The possibilities for retirement were endless, they said. How about a job in a real hospital? Somehow I couldn’t see any challenge in working in a western hospital where there was all the equipment I needed, electricity that didn’t qui, and my mouth wasn’t full of choking dust. It wouldn’t fill that void. It wouldn’t silence that voice that still ricocheted around in my mind.
I could travel, they said. Take a cruise maybe. Day after day of nothing to do but lie in the sun. That seemed like the most boring of futures. Nothing to do but hear that voice.
But I travelled for a while and saw a few cities I had wanted to visit. I spent time in Vienna, in Tokyo and I checked out the Grand Canyon. All very interesting for a few days. I even spent a couple of months in Iceland.

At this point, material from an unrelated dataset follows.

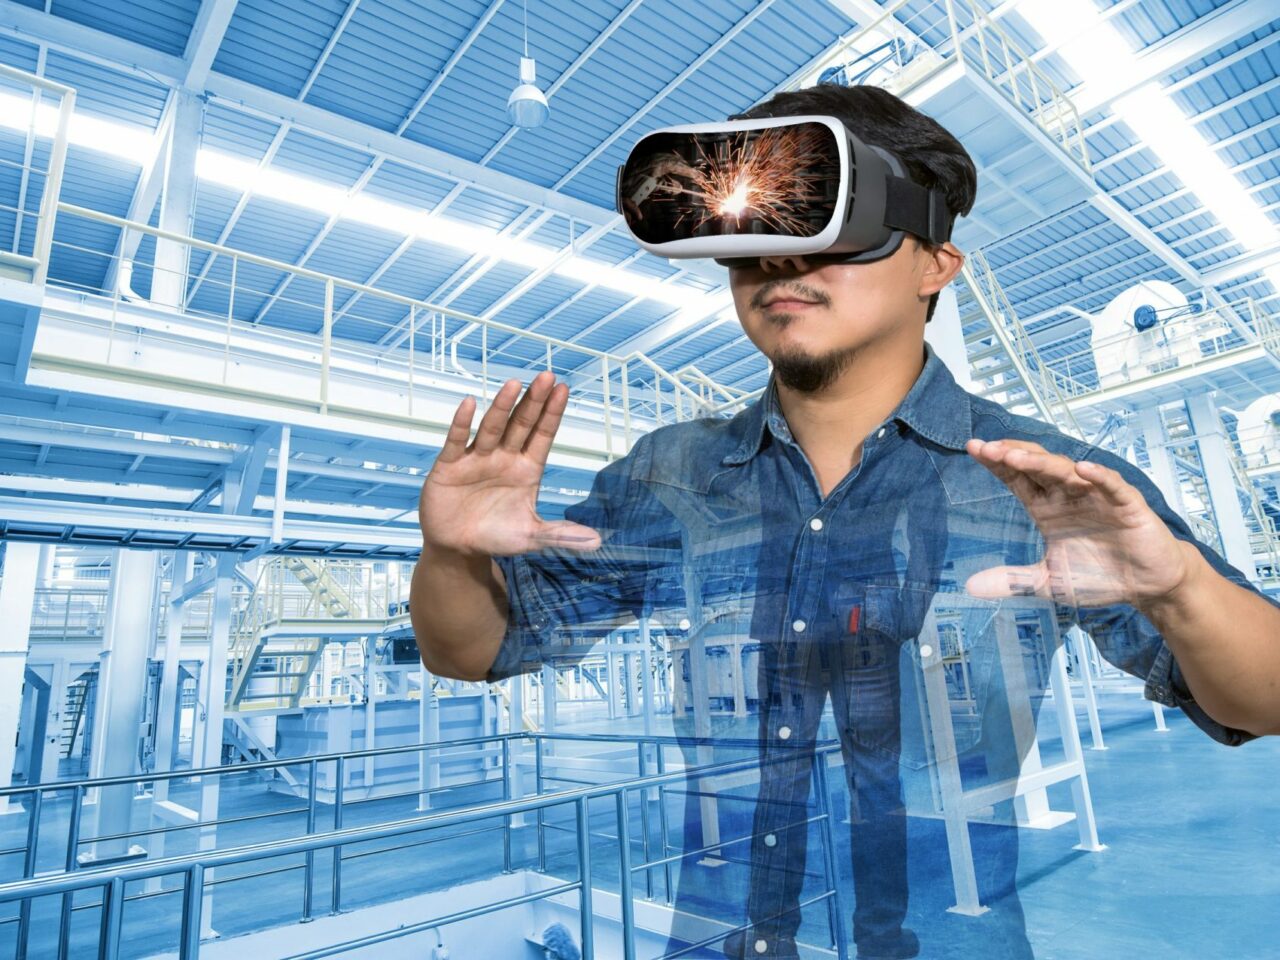 Doppelbelichtung eines asiatischen Mannes, der eine Virtual-Reality-Brille trägt, über der Fabrikausrüstung innerhalb einer industriellen Förderbandlinie, die Pakete transportiert. VR-Konzept.

It took me two years to stop finding excuses and come back to the Vancouver that was home for the first half of my life. It took me another six weeks to quieten the voice in my head a little and drive out here to my old house. I don’t know why it took so long – the place has been rented out since my ex-wife died. But here I am now looking at an overgrown garden and recognizing every far-too-large plant as an old friend.
Especially that Warm Welcome rose over by the front door. Whatever had possessed me to plant a Warm Welcome rose outside that cold house where the atmosphere froze me as soon as I entered? Was it a sign of hope to myself? There was never a welcome of any description.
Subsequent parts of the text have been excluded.